I think this is the crux of the matter. I know a few people who spent their
20s traveling abroad and having great life experiences, and now that they're
in their 30s, they're like "Shit, I have no career, I'm working at Whole Foods
/ living off my parents / flat broke and I'll never be able to afford the life
milestones that I took for granted like getting married, having kids, or
owning a house."

I think the root of the problem is that evolutionarily, our happiness emotion
didn't evolve to make us happy. Rather, it evolved to force us to take actions
which increase our chance of passing on our genes. There's pretty ample
evidence for this (Google [hedonic treadmill], for example), and yet we keep
wishing we were happier.
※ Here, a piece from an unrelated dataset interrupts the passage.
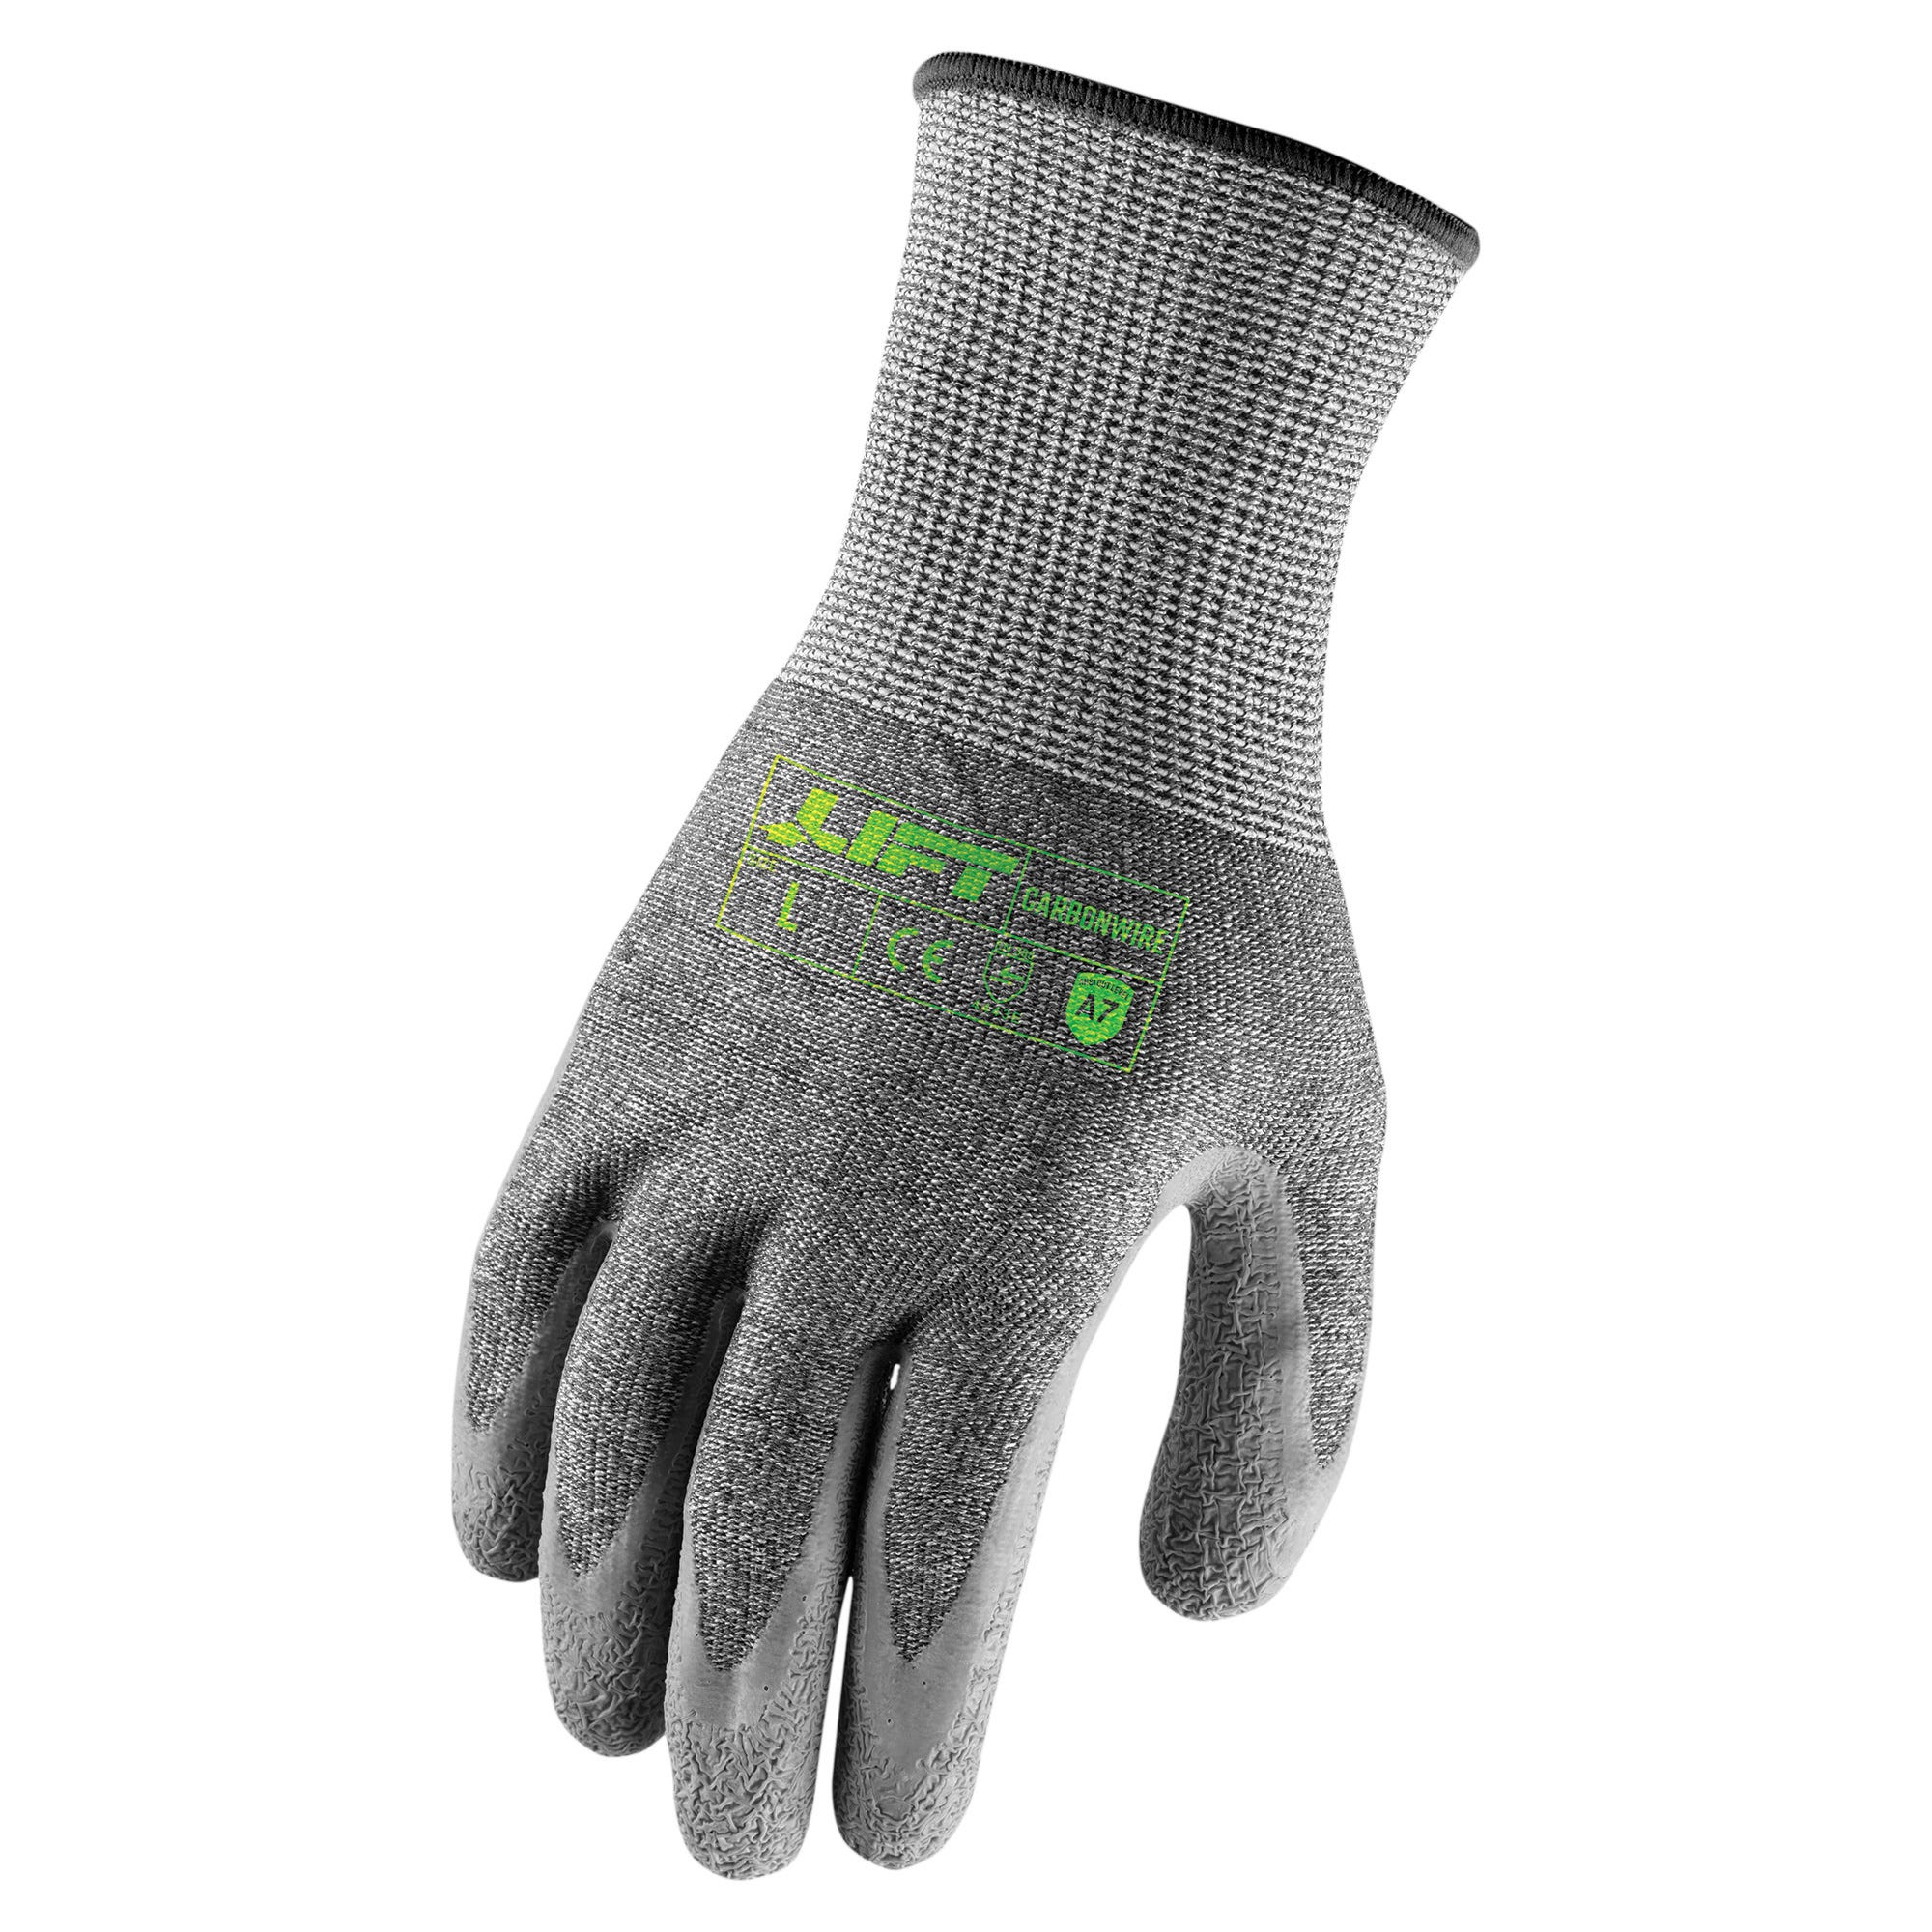 Gants de protection anti coupure LIFT SAFETY CARBONWIRE A7 LATEX CRINKLE XL 0
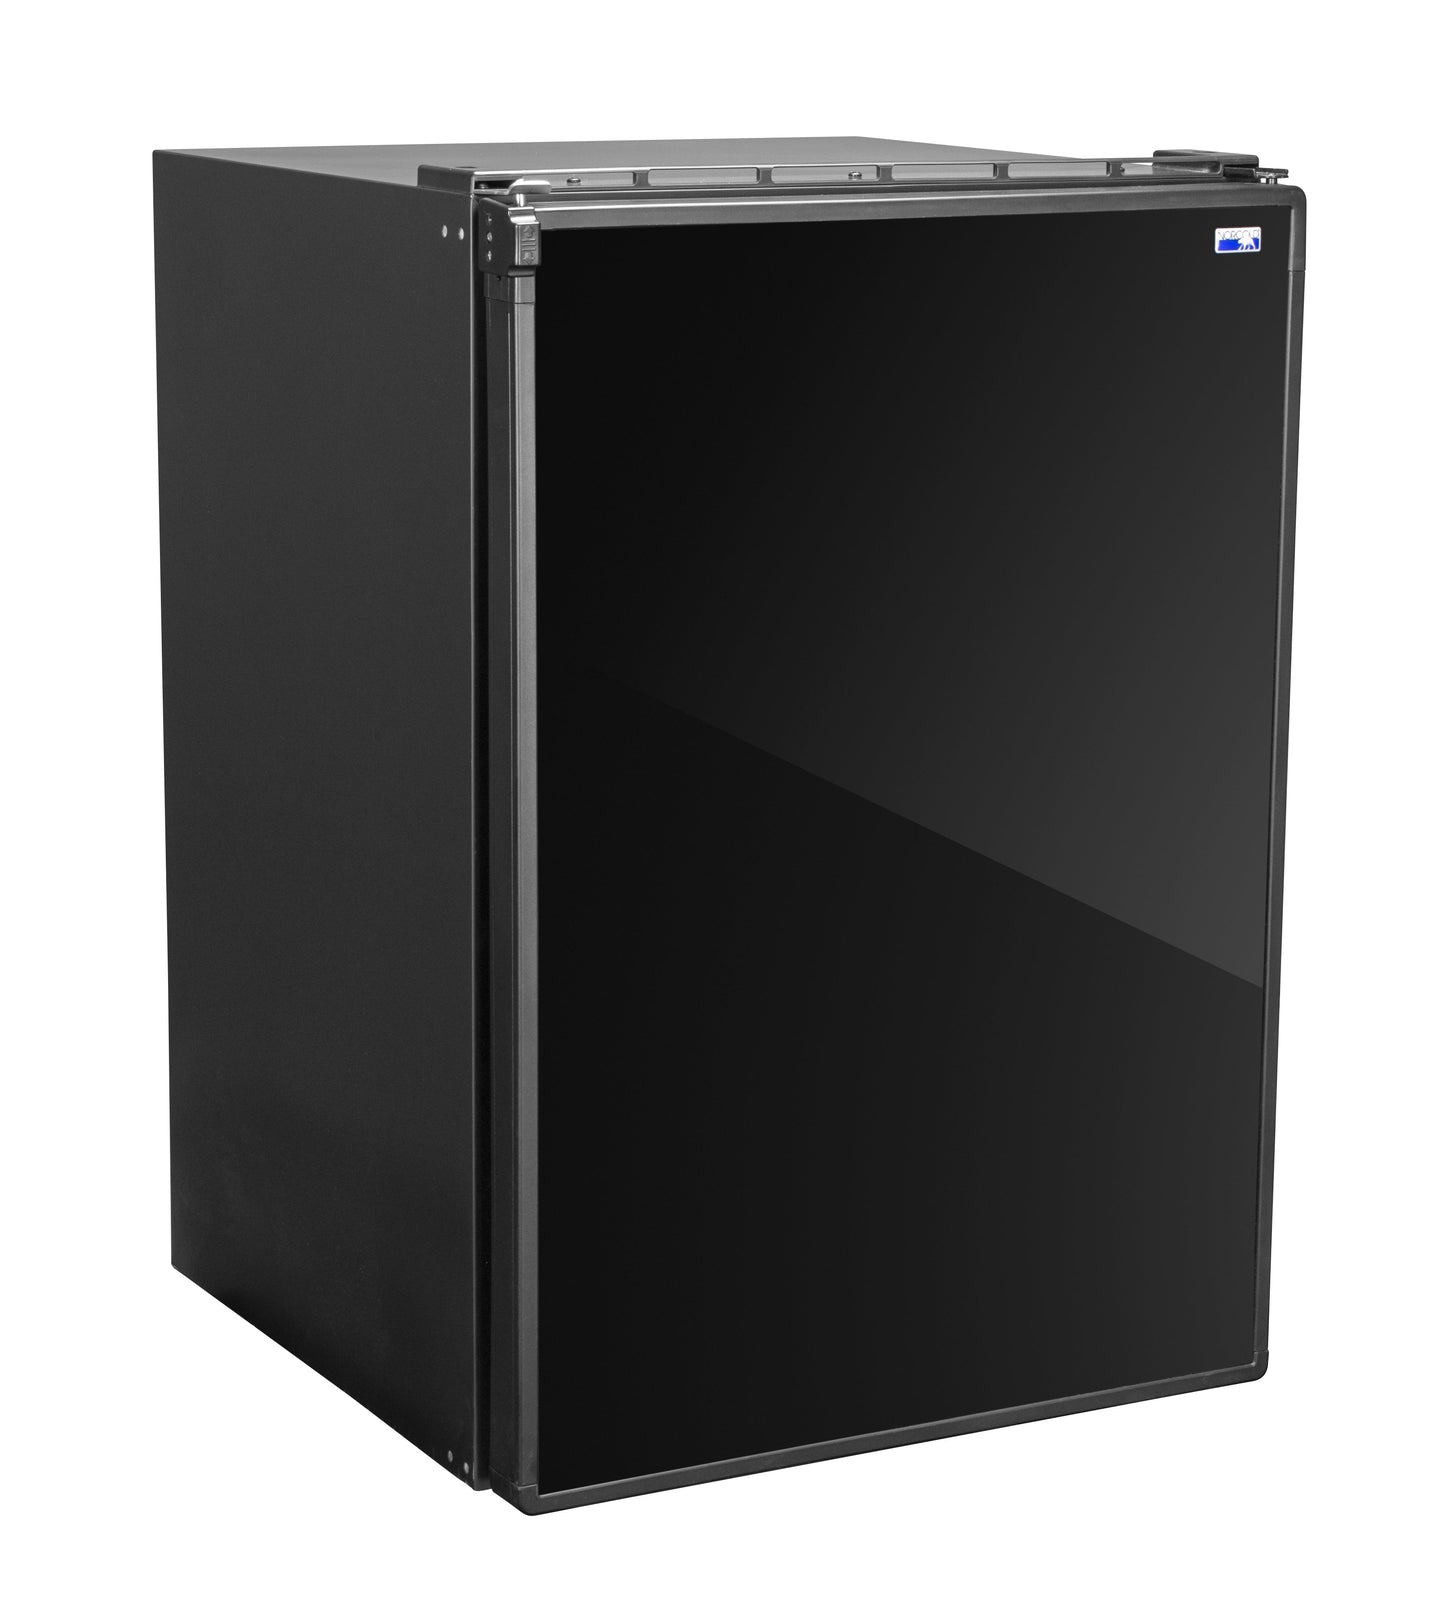 Norcold DE105 Single Compartment Refrigerator With Freezer - N6DDE105

I guess we're fated to do this, because people who
didn't wish they were happier wouldn't be driven to take actions to pass on
their genes.

FWIW, I don't regret working hard (at some startups, and also one big corp)
during my 20s at all. It was what I wanted to do at the time, and it's given
me some cushion to do other things I want to do. Plus I got to work on some
really cool projects with some great other people, and had a lot of fun doing
so.

------
theprotocol
I must have been an early bloomer. :)

I've always loved the technical parts of my job (and still do), but since day
1 of my career I've gotten nothing but scheming and toxicity when dealing with
my superiors and my various counterparts.

I'm not entirely sure if I've simply been unlucky, or if the majority of
workplaces really are this high strung. The existence of Dilbert suggests the
latter.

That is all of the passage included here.